I have to say, that as a self-employed creator of goodies, I welcome a much needed break after a busy season. However, after a couple of days of being lazy my mojo starts to erode, and I had better get back to it before couch potato status really kicks in.
Generally I have a fairly good meter on my laziness factor, and perhaps this is due to my past dealings with depression and depression-prevention. Anyway, I feel the need to address this in a post as I see this over and over with friends and others no matter if they are self-employed or not.
Mojo Erosion Prevention
I think the most important thing that anyone can do is to prevent this burn out to begin with. By adding things into your daily, weekly, and monthly routine you can really make a difference in your overall motivation and mental wellness. Burn out prevention is certainly the key to maintaining your mojo.
Start by making a list of those things that you really enjoy and try to categorize them into how often you would like to do them. You need to be realistic given the time and money it takes to do each thing, and also to not fall into the gluttony of over-indulging.
Your list may include things like family time, personal time, friend time, gardening, exercising, creative time ... etc, but try to be more specific such as: Lunch with best friend, watch a movie with hubby, dinner out with family, family game night, walk through garden, run 3 miles, creative time to work on new ideas, and beach vacation.
Next, think about an ideal schedule and how often you would like to do each of these things. You need to be realistic, such as a beach vacation may only happen once a year, and even though you would like to have lunch with your best friend once a week, once a month might be more realistic.
Start implementing these things into your routine. Start with the things that you have total control over, like running or walking and time to work on new ideas, and don't consider it failing if you don't achieve your ideal schedule. So, if you would like to run every day but you only manage twice a week, consider it as a step in the right direction and not a failure to meet your goal. Next, make phone calls, send emails, and coordinate babysitters to add some of the other things to your schedule. If low funds are a concern for babysitters consider trading off with friends and watching their kids one night as a trade for them watching your kids one night.

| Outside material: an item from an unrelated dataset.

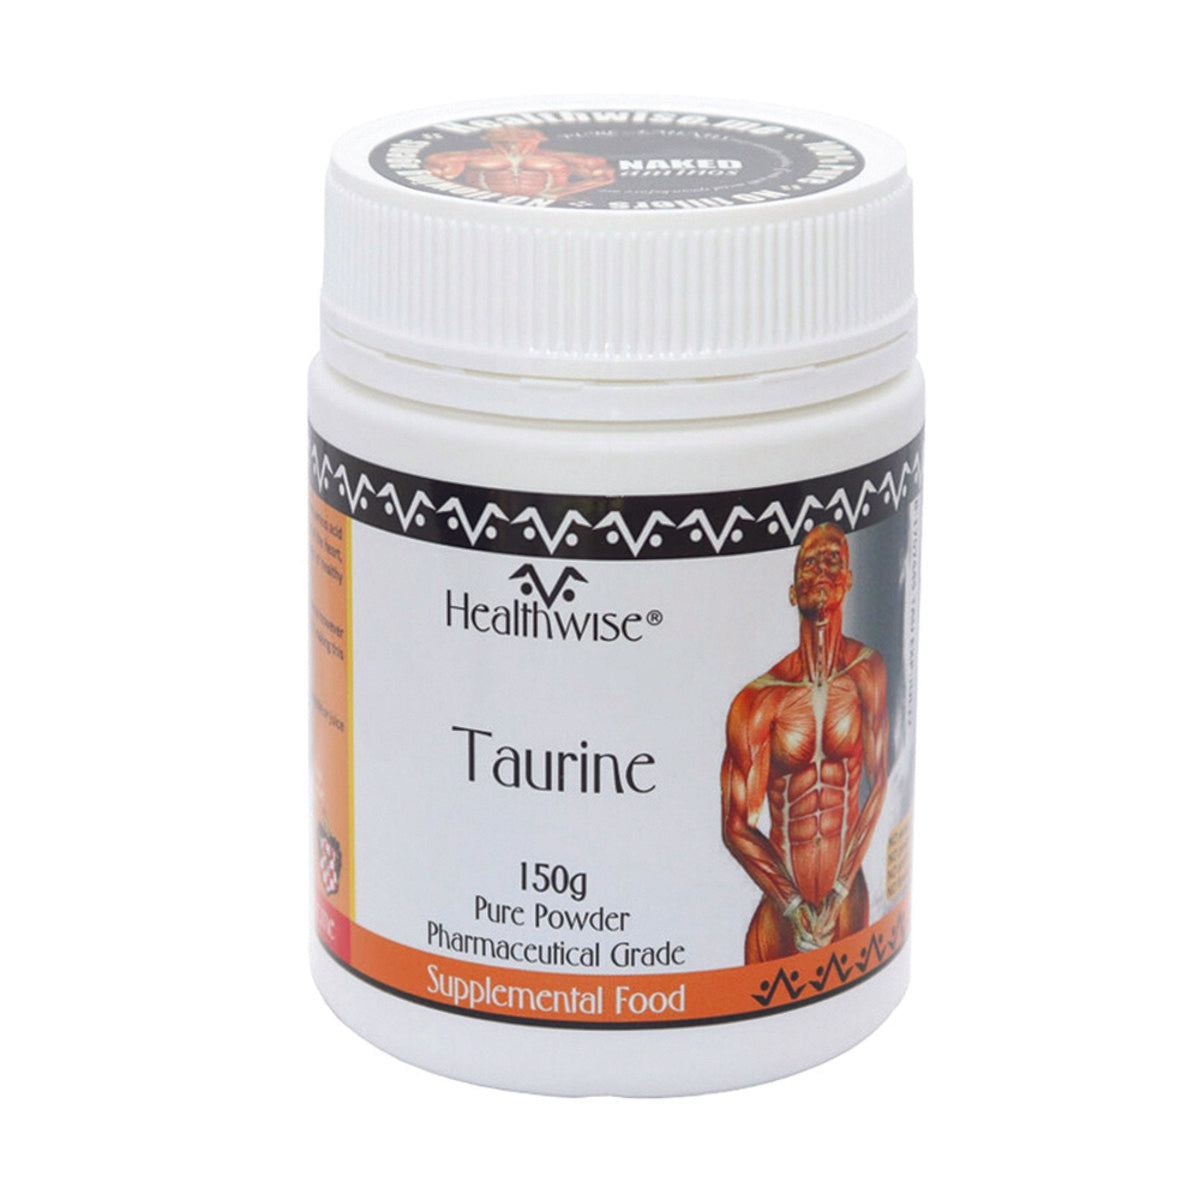 Healthwise Taurine 150G Powder

Finally, take action, don't throw yourself under the bus, and learn to say no. You are the sole protector of your schedule and you need to understand that doing these things that bring you joy and downtime are as equally important as things like work and chores. Recognize that by consistently putting your own wants and needs second above what you need to do for work and others is eroding your own happiness.
If you have lost your Mojo and need to get it back
First of all, if you are suffering from depression, please please please seek help from a professional, pastor, or even a friend that you know and trust. Your mental health is just as important as your physical health and you absolutely do not have to live with depression.
If you are just in a rut or feeling like you have lost your mojo try some or all of these things to get it back.
Set a date - Get out your calendar and set a date of when you are done being in the doldrums. It might be one hour from now, one day from now, or one week from now, but set a date and then wallow in your own self-pity until then. After that, you are now DONE with being in a burned-out status. Now, this may only be mentally, but you need to start with your mind and then move on to your body and action.
While you are wallowing, make a list of all of the things you are not doing, don't feel like doing, and just don't have the drive to do. Make a note of why you are not doing them. It could simply be that you don't feel like doing them, or it could be something else like you don't have the supplies, tools, money, or time to do them. But, write it down and know what factors are preventing you.
Next, evaluate how happy each thing on that list will make you. You might choose to rate them on a 1-10 scale, or just put a smiley face next to the ones that will really impact the way you feel when they are done.
Evaluate the ones with the least happiness associated and what will happen if they never get done. Will someone else not be happy? Will the world come to an end? Will your business grind to a halt? Why are those things on your list at all? Why are you not doing them?
Let go of the things that are not realistic. If you have things on your list that are bringing you down, but it is unrealistic that they will get done in the next month then consider letting them go. These may include things that will take a large time commitment or a large amount of money that you don't currently have. Also, consider asking for help with the things that are too much for you to complete on your own.
Make a list of the things that you think will motivate you to move on. It may be taking a walk, a run, spending an hour browsing a thrift store, or chatting with a friend.
When your time comes - the time that you are done wallowing - do one thing. Start with something that is fast and easy. It might be throwing in a load of laundry, loading the dishwasher, or just taking a shower and putting on makeup. Then alternate with something from your will motivate you list. Reward yourself and keep on doing one more thing. Try rewarding yourself with things that are approximately the same time commitment as the avoidance list ... so if it only took you 10 minutes to deal with the dirty dishes then you probably haven't put in enough time to watch a whole season of your favorite show on netflix. By facing only one thing at a time you will eventually chip away that list.
Now ... it is time for me to go find some mo to put in my jo! I think I will start with the shower and make up ... my hubby would probably appreciate that too!